24 SEPTEMBER 1870, Page 1

All the French fortresses still hold out, but it seems

that the defence of Strasburg—pressed by the heaviest artillery, and with two of its outworks captured, and, as it is asserted, a practicable breach made,—draws near to a close, though the close has been long predicted. General Uhrich is reported to have been himself wounded, but still the gallant officer holds out, and no attempt to storm has yet been made. A " Lombard " telegram of yesterday states that the theatre in Strasburg has been set on fire by a shell, which caused a terrible conflagration, and the death, by burning, of 200 people, mostly women,—a fearful climax to the miseries of the siege. As to Metz, the accounts are absurdly contradictory. Some German accounts assert that horseflesh in Metz was selling at francs a pound, and others (also German) assert that Metz is fully provisioned, and can hold out for three months.
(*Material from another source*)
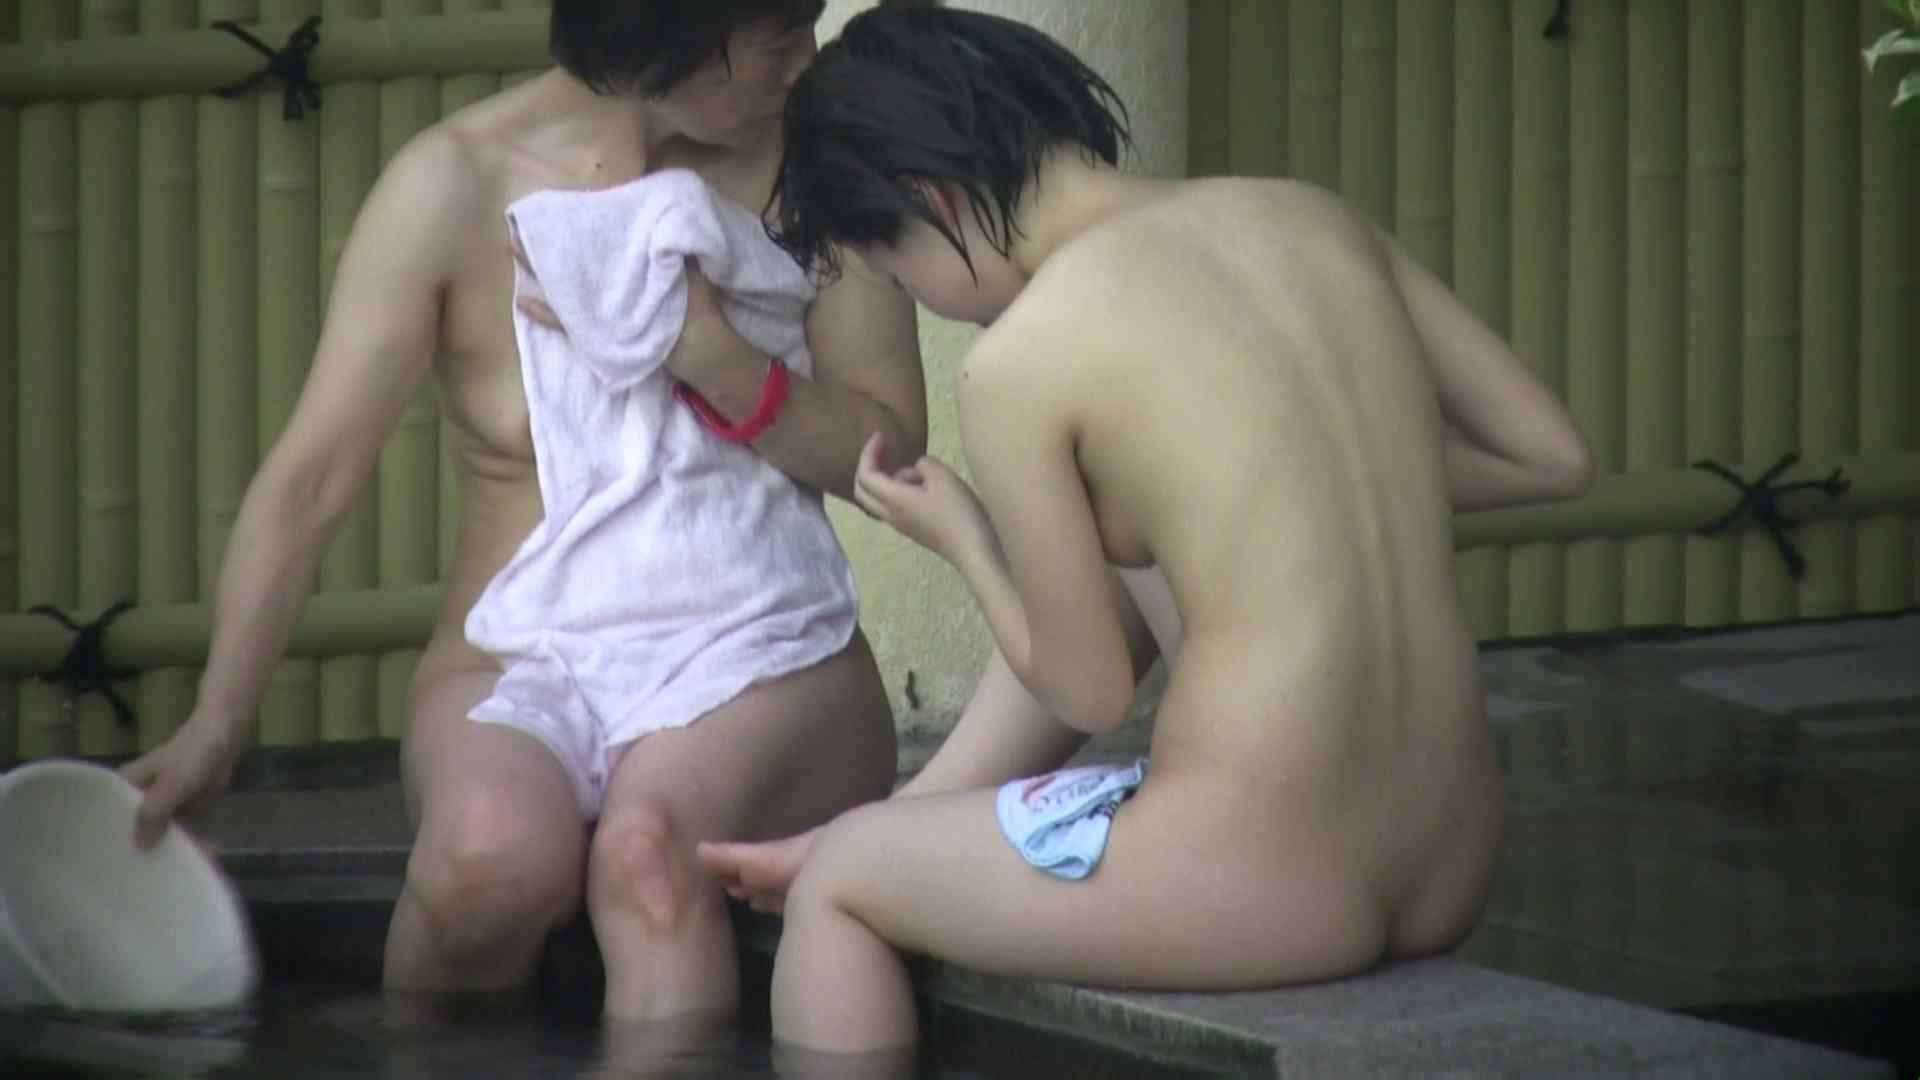 Aquaな露天風呂Vol.06【VIP】 盗撮 | 露天  83画像 49

A (German) correspondent of the Cologne Gazette said

that on the 13th September he could see through a field-glass herds of cattle feeding quietly within the lines ; and that a couple of hundred worn-out horses were turned out of the encampment instead of being used as food. And this state of the ease seems sup- ported by the better evidence. For, a chaplain in the Prussian Army, Prince Edmund Radziwill, who was imprisoned for a week in Metz, and liberated on the 24th August, with seven officers and 734 men, in exchange for the same number of prisoners on the German side, asserts that he and his companions were well fed, and saw no deficiency of any kind but sugar. Metz seems also to be well provided with ammunition, as the firing is often kept up through both day and night.